[R] read only certain parts of a file

Tue Oct 9 16:39:28 CEST 2007

Here are two possibilities.  The first extracts all lines with 10 fields
and then takes unique ones while the second extracts all lines that
consist only of alphanumerics, space, underscore and period and then
also takes unique lines.  Both then read the result using read.table.

The first one assumes the garbage never has 10 fields and the second
one assumes the garbage always has a character not in the set indicated.
You can probably come up with other rules as well along these lines.

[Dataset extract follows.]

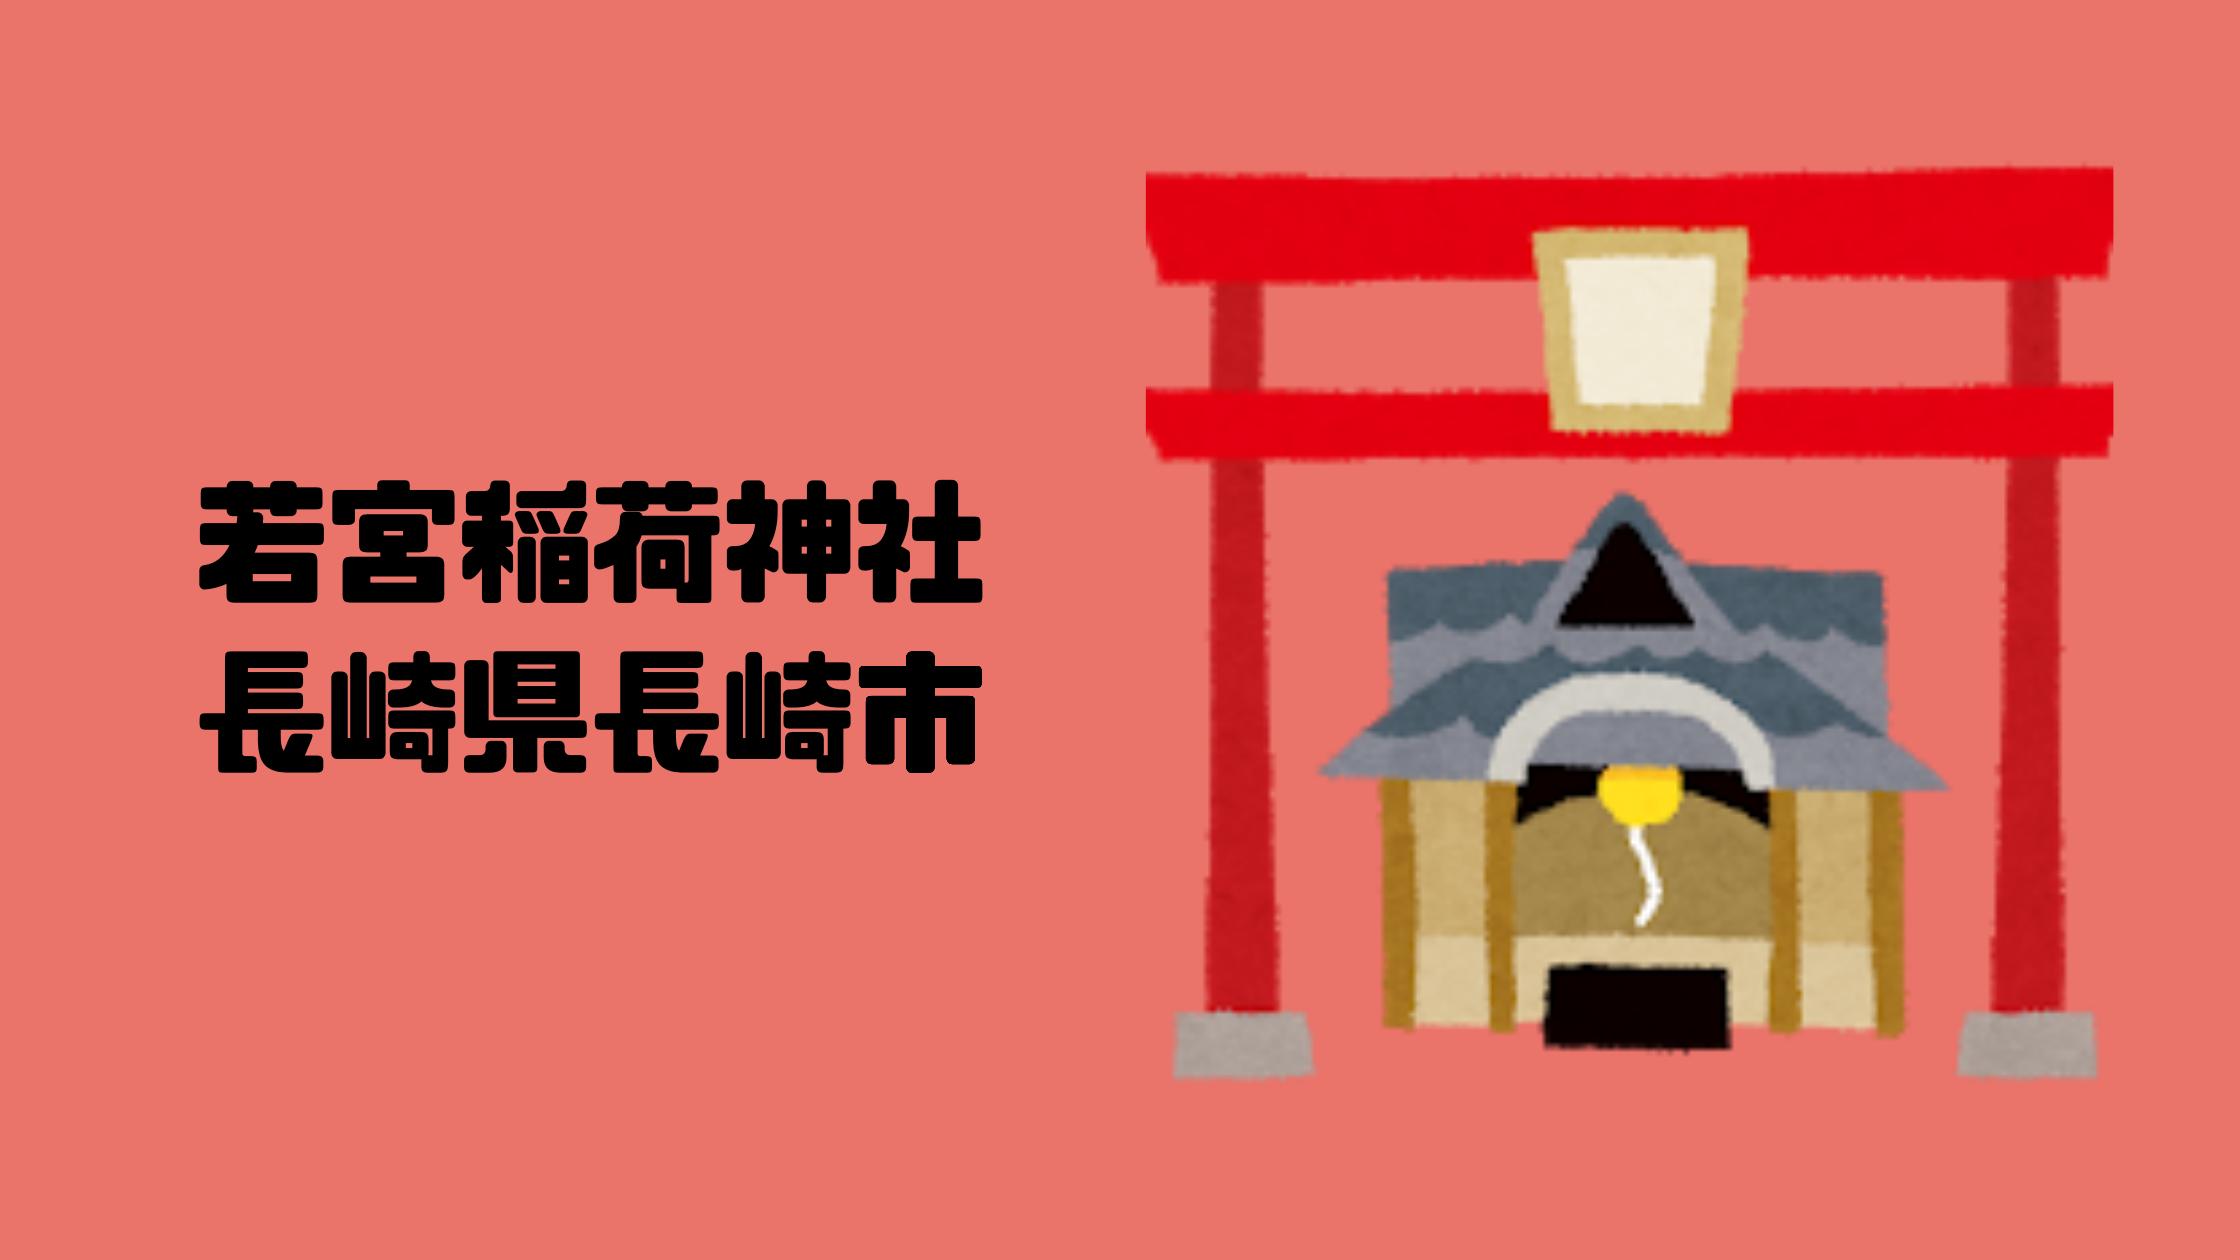 若宮稲荷神社 長崎県長崎市 日本【金運スポット】
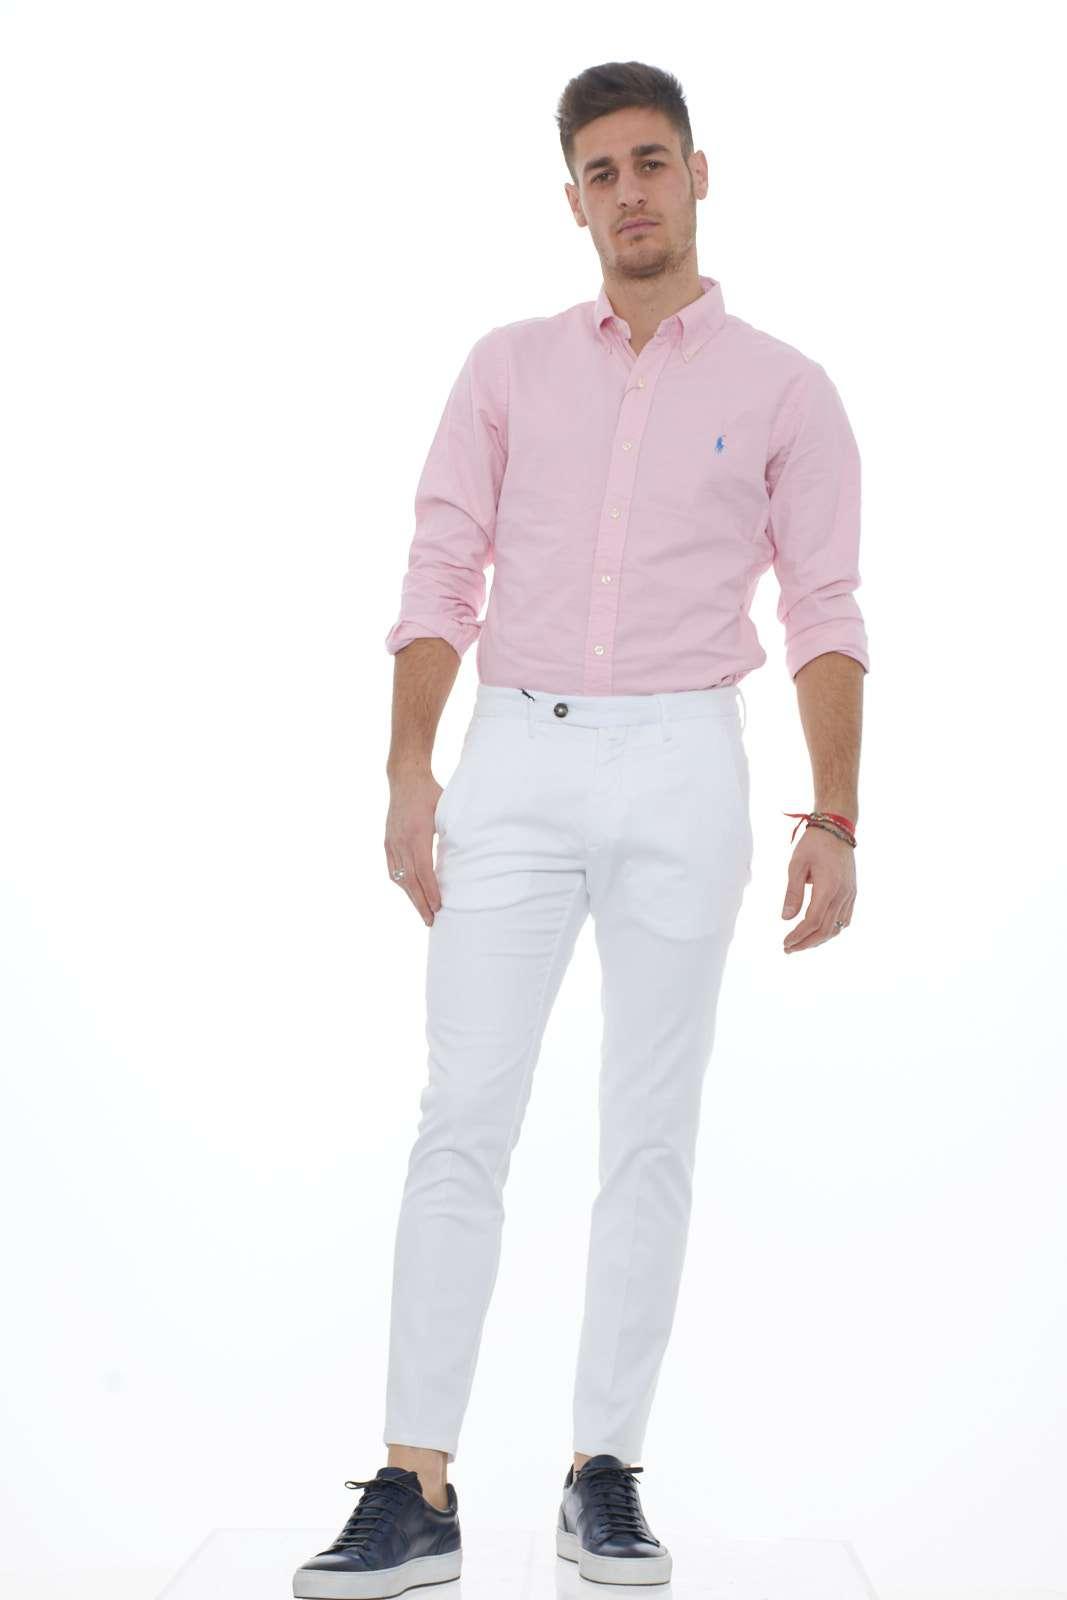 https://www.parmax.com/media/catalog/product/a/i/PE-outlet_parmax-pantalone-uomo-Michael-Coal-RICKY3360-D.jpg

Lines.raw <- "===================================================

Matches For Query 0 (108 bases): 000019_0070

===================================================

Score Q_Name S_Name Q_Start Q_End S_Start S_End Direction Bases identity

89 000019_0070 Chr15 3 108 43251883 43251778 C 106 95.28

88 000019_0070 Chr1 4 108 85826948 85826844 C 105 95.24

===================================================

Matches For Query 1 (124 bases): 000024_1262

===================================================

Score Q_Name S_Name Q_Start Q_End S_Start S_End Direction Bases identity

99 000024_1262 Chr6 16 124 35738256 35738364 F 109 100.00
"

Lines <- readLines(textConnection(Lines.raw))
Lines <- unique(grep("^[[:alnum:] ._]+$", Lines, value = TRUE))
read.table(textConnection(Lines), header = TRUE)

# or

Lines <- readLines(textConnection(Lines.raw))
idx <- count.fields(textConnection(Lines.raw), blank.lines.skip = FALSE)
Lines <- unique(Lines[idx == 10])
read.table(textConnection(Lines), header = TRUE)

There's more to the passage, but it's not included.